Again, totally agreed. Makes zero sense to destroy their and alienate existing users at a time when their user base is shrinking and their competition is heating up. I think their priorities should be (in order):

* Address and fix any and all stability issues
* Address performance and usability issues with proper reprogramming/design of the HDUI
* Add a method to backup (and restore) all settings to removable media and/or the "cloud"
* Update sub-components like Netflix
* Thread the sucker and use the other core
* Convert more (many) SD menus to HD
* Add new features, such as streaming to and from DLNA

That is a really long list. Unfortunately, not much has be addressed from MY list over the last year. Adding an "ipad app", in my view, was a slap in the face.


----------



## OCSMITH (Mar 16, 2006)

KungFuCow said:


> I have both. Anything in specific you want to know?


If you had to give up one, on cable not OTA, Tivo or Moxi? Been eyeing one on ebay. How does the DLNA work? ( I have a Popcorn Hour C-200) How about the mate? Thanks


----------



## KungFuCow (May 6, 2004)

OCSMITH said:


> If you had to give up one, on cable not OTA, Tivo or Moxi? Been eyeing one on ebay. How does the DLNA work? ( I have a Popcorn Hour C-200) How about the mate?
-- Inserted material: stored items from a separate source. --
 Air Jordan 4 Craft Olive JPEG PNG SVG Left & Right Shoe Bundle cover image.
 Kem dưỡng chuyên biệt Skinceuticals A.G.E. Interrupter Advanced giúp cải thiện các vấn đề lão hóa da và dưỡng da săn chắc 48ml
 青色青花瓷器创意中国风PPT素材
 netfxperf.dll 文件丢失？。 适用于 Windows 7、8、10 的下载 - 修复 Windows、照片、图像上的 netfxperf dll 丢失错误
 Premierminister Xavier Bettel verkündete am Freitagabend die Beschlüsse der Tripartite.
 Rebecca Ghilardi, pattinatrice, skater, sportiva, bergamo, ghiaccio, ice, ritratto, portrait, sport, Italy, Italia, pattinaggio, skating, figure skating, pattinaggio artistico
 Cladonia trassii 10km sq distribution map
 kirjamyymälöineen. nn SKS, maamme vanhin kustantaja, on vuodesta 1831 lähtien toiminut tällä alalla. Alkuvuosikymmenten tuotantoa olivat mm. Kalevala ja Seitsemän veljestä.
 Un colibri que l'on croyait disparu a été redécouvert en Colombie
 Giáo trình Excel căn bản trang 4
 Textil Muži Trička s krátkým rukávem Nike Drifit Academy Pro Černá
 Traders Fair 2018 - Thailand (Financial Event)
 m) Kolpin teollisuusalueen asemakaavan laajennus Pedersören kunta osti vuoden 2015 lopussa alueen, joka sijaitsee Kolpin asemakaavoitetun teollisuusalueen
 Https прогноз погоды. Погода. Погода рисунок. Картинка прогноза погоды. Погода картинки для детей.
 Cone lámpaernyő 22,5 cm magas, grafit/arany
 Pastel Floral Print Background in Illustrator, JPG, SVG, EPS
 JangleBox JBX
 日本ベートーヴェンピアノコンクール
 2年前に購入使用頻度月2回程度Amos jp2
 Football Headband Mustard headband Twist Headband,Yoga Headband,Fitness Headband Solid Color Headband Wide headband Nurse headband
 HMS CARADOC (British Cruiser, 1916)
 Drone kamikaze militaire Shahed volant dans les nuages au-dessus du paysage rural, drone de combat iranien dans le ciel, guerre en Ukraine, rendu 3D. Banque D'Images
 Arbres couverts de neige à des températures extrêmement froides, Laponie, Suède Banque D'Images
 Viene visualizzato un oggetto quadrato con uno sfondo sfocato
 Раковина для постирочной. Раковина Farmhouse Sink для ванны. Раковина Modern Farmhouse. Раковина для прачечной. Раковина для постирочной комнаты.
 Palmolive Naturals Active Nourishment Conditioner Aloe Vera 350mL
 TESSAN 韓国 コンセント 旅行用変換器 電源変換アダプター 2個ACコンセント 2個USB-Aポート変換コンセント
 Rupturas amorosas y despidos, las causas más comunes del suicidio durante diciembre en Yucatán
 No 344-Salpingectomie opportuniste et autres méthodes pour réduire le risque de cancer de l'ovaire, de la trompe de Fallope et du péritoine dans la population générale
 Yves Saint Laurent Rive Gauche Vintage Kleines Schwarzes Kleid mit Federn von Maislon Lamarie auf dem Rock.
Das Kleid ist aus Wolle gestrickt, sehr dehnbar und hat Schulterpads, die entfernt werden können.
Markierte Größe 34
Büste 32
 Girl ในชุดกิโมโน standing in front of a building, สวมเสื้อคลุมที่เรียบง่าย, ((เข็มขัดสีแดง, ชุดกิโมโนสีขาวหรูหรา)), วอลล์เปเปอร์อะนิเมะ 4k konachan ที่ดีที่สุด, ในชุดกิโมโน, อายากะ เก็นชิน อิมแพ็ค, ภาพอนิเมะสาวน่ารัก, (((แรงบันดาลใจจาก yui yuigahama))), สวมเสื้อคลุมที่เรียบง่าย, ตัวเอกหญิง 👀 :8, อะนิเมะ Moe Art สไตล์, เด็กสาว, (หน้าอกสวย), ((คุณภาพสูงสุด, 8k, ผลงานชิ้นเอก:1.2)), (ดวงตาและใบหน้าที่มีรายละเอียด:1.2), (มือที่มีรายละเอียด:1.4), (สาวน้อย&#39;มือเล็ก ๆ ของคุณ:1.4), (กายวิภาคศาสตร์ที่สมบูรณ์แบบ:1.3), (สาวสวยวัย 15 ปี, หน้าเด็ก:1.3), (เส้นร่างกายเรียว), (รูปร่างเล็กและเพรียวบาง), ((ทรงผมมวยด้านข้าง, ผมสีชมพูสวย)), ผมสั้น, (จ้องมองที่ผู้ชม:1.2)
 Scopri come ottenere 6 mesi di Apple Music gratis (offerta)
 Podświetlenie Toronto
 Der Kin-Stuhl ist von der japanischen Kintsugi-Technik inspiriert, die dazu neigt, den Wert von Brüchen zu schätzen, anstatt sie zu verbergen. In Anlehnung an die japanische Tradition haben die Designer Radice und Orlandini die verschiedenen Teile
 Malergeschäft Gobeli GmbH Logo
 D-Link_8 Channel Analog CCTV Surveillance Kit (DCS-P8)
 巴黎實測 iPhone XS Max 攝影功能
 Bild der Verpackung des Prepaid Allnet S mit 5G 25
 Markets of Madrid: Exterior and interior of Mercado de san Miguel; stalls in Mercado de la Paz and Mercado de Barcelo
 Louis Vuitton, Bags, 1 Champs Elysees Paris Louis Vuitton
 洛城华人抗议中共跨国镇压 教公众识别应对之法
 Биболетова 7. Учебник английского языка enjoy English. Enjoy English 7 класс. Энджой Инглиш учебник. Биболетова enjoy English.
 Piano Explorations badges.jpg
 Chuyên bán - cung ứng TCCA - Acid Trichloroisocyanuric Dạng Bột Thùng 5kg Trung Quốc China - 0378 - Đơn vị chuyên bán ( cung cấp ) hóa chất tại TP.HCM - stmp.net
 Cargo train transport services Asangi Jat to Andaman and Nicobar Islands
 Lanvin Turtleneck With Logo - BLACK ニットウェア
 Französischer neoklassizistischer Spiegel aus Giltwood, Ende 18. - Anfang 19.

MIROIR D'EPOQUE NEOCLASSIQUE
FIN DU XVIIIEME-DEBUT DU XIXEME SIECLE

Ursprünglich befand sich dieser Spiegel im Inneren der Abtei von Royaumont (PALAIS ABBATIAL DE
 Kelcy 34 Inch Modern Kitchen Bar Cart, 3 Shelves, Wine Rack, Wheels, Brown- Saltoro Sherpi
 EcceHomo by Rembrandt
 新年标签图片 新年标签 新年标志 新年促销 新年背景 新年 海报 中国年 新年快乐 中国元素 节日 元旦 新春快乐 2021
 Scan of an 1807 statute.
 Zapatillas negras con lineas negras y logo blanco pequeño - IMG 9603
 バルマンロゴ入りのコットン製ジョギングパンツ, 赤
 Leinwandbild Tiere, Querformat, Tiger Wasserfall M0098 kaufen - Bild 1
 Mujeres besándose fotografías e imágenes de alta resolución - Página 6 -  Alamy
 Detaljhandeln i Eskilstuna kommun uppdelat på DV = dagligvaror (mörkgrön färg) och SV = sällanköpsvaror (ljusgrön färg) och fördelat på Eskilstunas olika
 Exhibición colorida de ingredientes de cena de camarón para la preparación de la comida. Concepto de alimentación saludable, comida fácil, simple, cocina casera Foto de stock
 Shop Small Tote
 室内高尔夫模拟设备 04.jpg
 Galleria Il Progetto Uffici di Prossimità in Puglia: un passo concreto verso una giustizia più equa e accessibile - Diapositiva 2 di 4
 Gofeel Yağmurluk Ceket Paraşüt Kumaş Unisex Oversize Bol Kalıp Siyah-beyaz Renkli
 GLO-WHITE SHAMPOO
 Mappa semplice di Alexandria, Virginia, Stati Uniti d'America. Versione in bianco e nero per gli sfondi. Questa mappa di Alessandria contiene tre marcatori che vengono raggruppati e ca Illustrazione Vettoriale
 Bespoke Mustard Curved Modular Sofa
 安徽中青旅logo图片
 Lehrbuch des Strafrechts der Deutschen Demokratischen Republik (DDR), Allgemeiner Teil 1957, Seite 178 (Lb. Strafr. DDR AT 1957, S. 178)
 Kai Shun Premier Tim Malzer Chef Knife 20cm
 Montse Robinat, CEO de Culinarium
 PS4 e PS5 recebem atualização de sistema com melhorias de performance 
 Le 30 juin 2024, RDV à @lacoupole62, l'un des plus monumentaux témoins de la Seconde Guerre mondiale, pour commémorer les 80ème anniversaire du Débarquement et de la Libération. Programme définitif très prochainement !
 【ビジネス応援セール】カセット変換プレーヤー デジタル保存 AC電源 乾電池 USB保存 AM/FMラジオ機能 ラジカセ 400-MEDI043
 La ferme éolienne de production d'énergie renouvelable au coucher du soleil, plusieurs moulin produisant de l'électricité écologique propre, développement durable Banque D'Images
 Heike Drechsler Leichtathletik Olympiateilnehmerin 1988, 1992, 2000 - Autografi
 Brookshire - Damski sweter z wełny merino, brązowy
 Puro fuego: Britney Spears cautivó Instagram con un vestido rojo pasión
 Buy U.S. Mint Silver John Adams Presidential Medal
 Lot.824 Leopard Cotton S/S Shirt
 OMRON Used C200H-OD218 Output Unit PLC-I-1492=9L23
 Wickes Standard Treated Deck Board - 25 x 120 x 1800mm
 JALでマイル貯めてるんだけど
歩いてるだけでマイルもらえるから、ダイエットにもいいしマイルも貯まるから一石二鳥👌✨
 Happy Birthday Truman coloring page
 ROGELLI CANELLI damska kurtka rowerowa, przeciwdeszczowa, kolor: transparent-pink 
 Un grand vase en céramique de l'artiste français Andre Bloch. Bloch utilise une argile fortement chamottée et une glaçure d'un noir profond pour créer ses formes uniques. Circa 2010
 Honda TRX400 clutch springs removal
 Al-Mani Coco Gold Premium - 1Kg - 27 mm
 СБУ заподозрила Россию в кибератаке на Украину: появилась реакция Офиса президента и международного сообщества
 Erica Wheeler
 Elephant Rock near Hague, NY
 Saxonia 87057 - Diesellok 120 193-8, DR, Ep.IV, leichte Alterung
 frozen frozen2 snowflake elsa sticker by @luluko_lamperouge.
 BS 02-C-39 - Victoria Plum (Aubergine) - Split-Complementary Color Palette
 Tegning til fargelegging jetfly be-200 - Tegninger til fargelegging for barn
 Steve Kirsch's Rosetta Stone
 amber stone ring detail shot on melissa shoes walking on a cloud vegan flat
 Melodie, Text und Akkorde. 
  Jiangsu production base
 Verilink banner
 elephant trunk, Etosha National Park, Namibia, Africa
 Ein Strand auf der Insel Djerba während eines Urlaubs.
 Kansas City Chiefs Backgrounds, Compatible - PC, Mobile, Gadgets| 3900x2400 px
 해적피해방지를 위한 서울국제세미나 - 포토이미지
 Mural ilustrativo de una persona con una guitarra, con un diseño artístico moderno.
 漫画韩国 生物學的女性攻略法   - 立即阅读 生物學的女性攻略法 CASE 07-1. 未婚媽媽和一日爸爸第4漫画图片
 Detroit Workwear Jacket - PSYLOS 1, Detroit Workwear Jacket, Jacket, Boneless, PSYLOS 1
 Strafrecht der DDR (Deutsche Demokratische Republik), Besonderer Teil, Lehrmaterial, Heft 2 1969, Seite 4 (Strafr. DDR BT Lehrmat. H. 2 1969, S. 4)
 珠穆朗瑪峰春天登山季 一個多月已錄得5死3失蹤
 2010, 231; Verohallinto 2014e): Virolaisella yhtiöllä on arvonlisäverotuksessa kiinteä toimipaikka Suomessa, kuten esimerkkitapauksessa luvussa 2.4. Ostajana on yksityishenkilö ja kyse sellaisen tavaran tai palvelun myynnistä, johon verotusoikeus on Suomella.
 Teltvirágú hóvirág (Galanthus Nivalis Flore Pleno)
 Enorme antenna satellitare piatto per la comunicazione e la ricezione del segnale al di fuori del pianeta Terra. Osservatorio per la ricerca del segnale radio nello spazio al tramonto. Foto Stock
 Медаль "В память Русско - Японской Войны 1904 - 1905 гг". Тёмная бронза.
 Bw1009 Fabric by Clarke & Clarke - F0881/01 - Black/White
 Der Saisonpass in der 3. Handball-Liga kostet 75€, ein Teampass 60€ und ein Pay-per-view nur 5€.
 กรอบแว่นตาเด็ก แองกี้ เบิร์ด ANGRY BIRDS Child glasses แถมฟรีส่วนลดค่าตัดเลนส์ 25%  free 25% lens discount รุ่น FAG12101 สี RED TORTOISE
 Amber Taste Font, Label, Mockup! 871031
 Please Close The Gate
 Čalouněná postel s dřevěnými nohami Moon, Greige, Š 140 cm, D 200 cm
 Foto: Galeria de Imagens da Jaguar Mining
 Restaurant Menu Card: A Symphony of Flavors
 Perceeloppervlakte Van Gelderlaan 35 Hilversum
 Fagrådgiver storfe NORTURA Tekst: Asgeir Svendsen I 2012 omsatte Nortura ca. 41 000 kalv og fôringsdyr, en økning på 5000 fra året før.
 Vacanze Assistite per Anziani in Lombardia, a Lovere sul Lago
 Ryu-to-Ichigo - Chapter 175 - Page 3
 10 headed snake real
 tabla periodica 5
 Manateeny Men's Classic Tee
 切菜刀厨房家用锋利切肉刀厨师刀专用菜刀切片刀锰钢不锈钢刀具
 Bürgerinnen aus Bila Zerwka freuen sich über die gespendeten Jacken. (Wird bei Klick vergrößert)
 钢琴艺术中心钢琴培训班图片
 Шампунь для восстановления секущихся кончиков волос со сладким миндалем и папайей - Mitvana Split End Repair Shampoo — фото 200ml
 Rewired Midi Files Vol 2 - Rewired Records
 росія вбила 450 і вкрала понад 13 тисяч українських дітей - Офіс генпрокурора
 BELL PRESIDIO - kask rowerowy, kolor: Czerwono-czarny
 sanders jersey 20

Thanks


Thats a tough decision. MAYBE the Moxi but only because I do a TON of streaming and the Tivo is better at it. By better I mean it will stream faster.

That being said, the Moxi has a lot of upsides. With PlayOn, which you get a license of with the unit, you have Hulu, and a bunch of other stuff you can stream to it as well. So I guess it all depends if you want to stream your own stuff or stream off the internet.

I will say this. Moxi's tech support kicks the sh*t out of Tivo. You can chat with them online (And yea, I know Tivo does that too) but you're chatting with guys that REALLY know the ins and outs of the unit. Ive never had an issue they couldnt resolve, they usually follow up and they freely give you all their contact info to get in touch with them if you have any issues.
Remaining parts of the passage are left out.